Shear bond strength of provisional repair materials bonded to 3D printed resin

BACKGROUND/PURPOSE: There is limited literature on the materials of choice and their properties when repairing 3-D printed resin-based restorations. The objective of this in-vitro study is to determine the shear bond strength of various repair materials to 3D printed SLA (stereolithography) resin. MATERIALS AND METHODS: For Group A (control), fifteen cylinders of 3-D printing SLA resin were printed as one unit of a Ø6.8 × 8 mm (diameter and height) cylindrical block with a Ø3 × 5 mm cylindrical block at the center. For the test groups, forty-five specimen cylinders of 3-D printing SLA resin (Ø6.8 × 8 mm) were fabricated and the surfaces were treated with 3 different test materials: Group B: Poly-Methyl Methacrylate (PMMA); Group C: Bis-acrylic composite resin, and Group D: Bis-GMA composite All specimens were tested using an Instron machine at a crosshead speed of 0.5 mm/min.
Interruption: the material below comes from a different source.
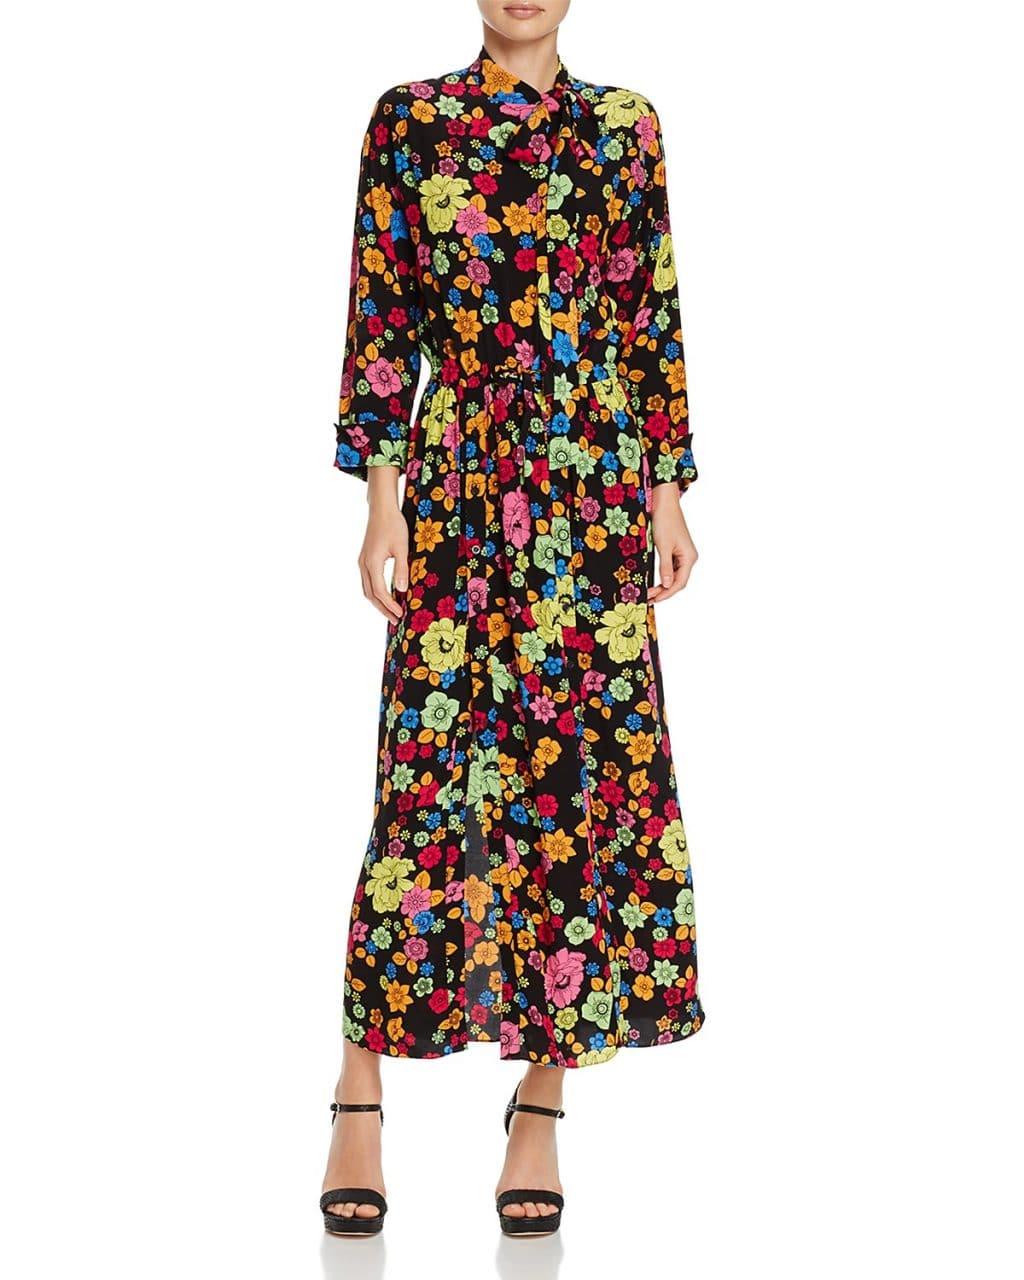 d22d0334b4a BOUTIQUE MOSCHINO Silk Maxi Fantasy Print Black   Floral Printed Dress

A Shapiro–Wilk test was used to assess normality within the data, then the data was statistically analyzed by a Mann–Whitney test. RESULTS: There were no statistically significant differences between testing groups, except Group A. Group B displayed mixed (87%) and adhesive (13%) failure at the fractured surface. Group C showed both mixed (60%) and adhesive failure at the fractured surface (40%). All Group D showed mixed fracture patterns, partly cohesive fractured surface within the base cylinder area and partly adhesive fractured surface at the bonded interface. CONCLUSION: No statistically significant differences in the shear bond strength of the different repair materials to 3D printed cylinders were observed. The 3D printed cylinder repaired with Bis-GMA composite demonstrated the most predictability from the fractography analysis.